Wrong. My past challenges clung to the back of the car as we drove all 140 or so miles to my new life. They had no intention of letting go easily. I had to bring in some force. Boy, am I sure glad I did!

I found myself in complete surrender at the beginning of my freshman year. Ready for God to do something big. (Well, actually, I was only really ready for Him to do something easy, but I wanted to be ready for something big)!

Fast forward through all of the tears, work, fear, and feelings of defeat from the past two years and you get today! I ended up at my old high school campus yesterday (long story) and as I was walking around trying to find where I thought I needed to be, I began to think about who I was in high school.

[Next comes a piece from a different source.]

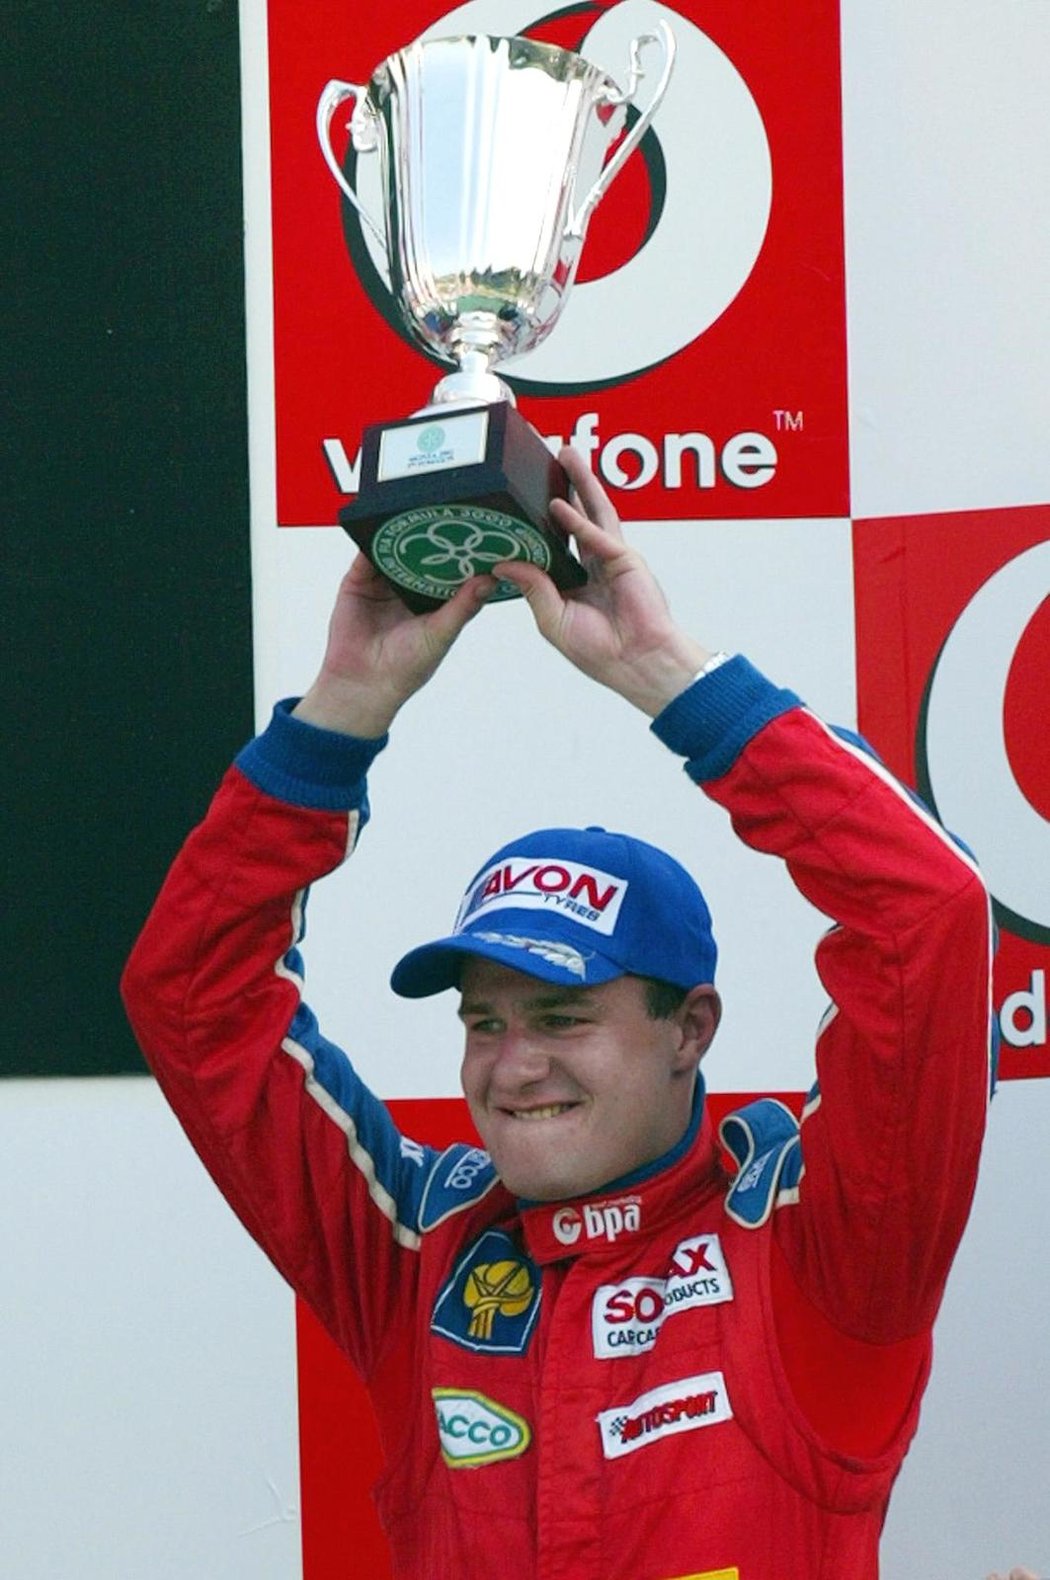 Šampionem F3000 byl Tomáš Enge kvůli nešťastnému dopingovému nálezu jen 14 dní
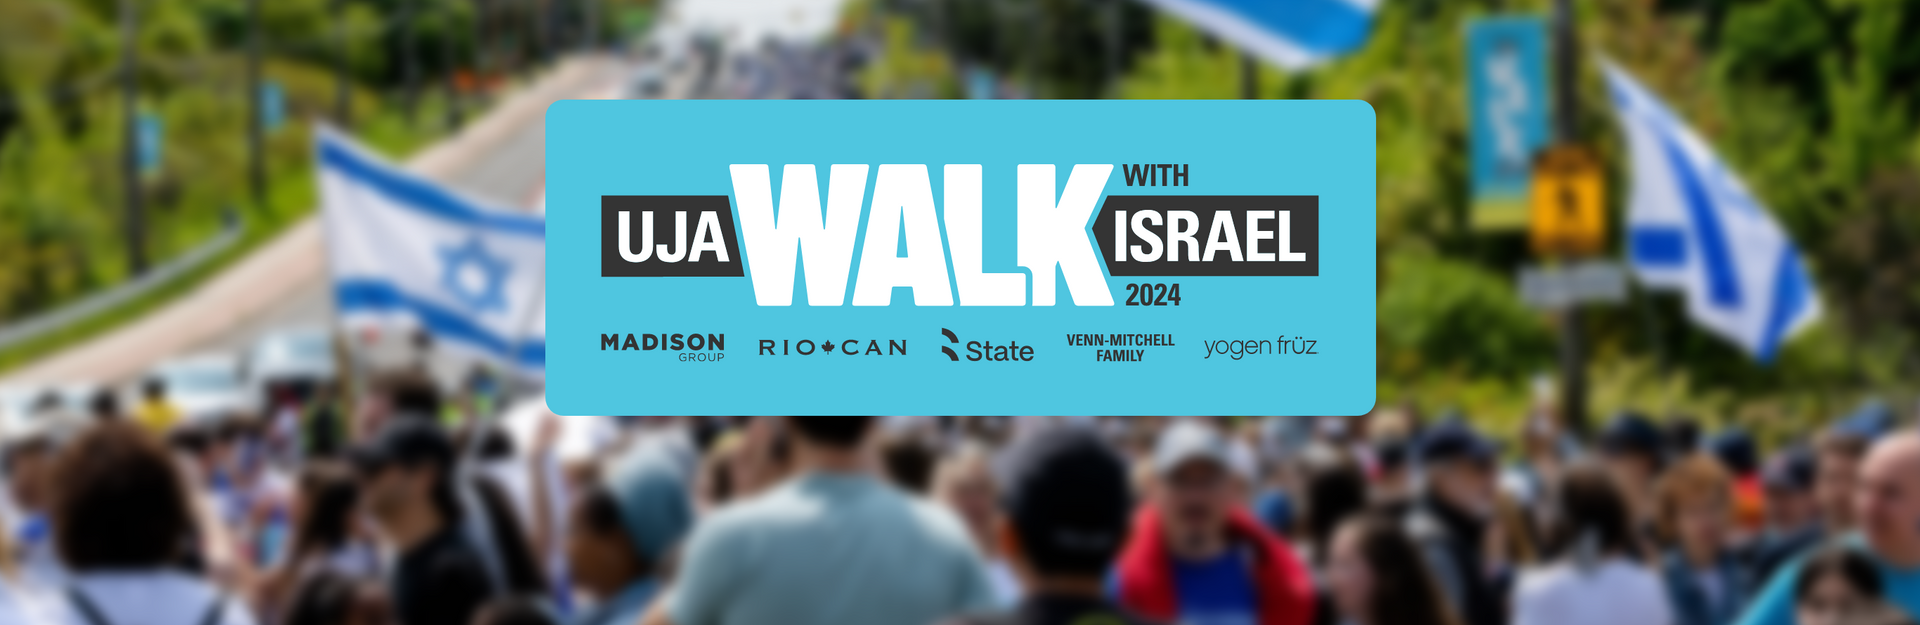 UJA Walk With Israel 2024

It was only two years ago, but it felt lifetimes away. High school me was not my favorite person, but I could barely recognize her anymore. It was in that moment that I could not be anything but grateful! A lot can happen in a short period of time when you open yourself up to God's movement in your life.

This simple truth was proven through this past school year. First semester was hard. And I'm not just talking about taking hard classes. In fact, the school portion of the year was the easy part! I came into the Fall semester hopeful for a year like my first at Jessup. However, all my expectations and hopes were destroyed that semester. Loneliness, disabling pain, unbearable hardship, depression, and darkness began to creep into that first semester. It was not the Jessup I felt safe at once before. Over Christmas break, I deeply considered the possibility of not going back. There was no way I was going to face another semester like the last one.

It took a LOT of prayer and wise counsel, but I went back for the Spring semester. After a car ride of finally breaking down and being completely vulnerable with my Creator, I began to feel peace. A peace that I could not understand, but the type of peace that you surely don't want to fight. I learned the value and importance of being open and honest with God. He blessed me in that moment of honesty and I began to allow Him to move in ways that were clearly beyond myself.

Spring semester was a complete switch! Relationships were built and strengthened. Darkness was replaced by the Light of the World. Joy became a tangible option. Hardships did not disappear, but they seemed possible to face now. Life was still life. It was hard, it was obnoxious, it required work. But something shifted within myself. I started to see my glass as half full once again--and that made all the difference.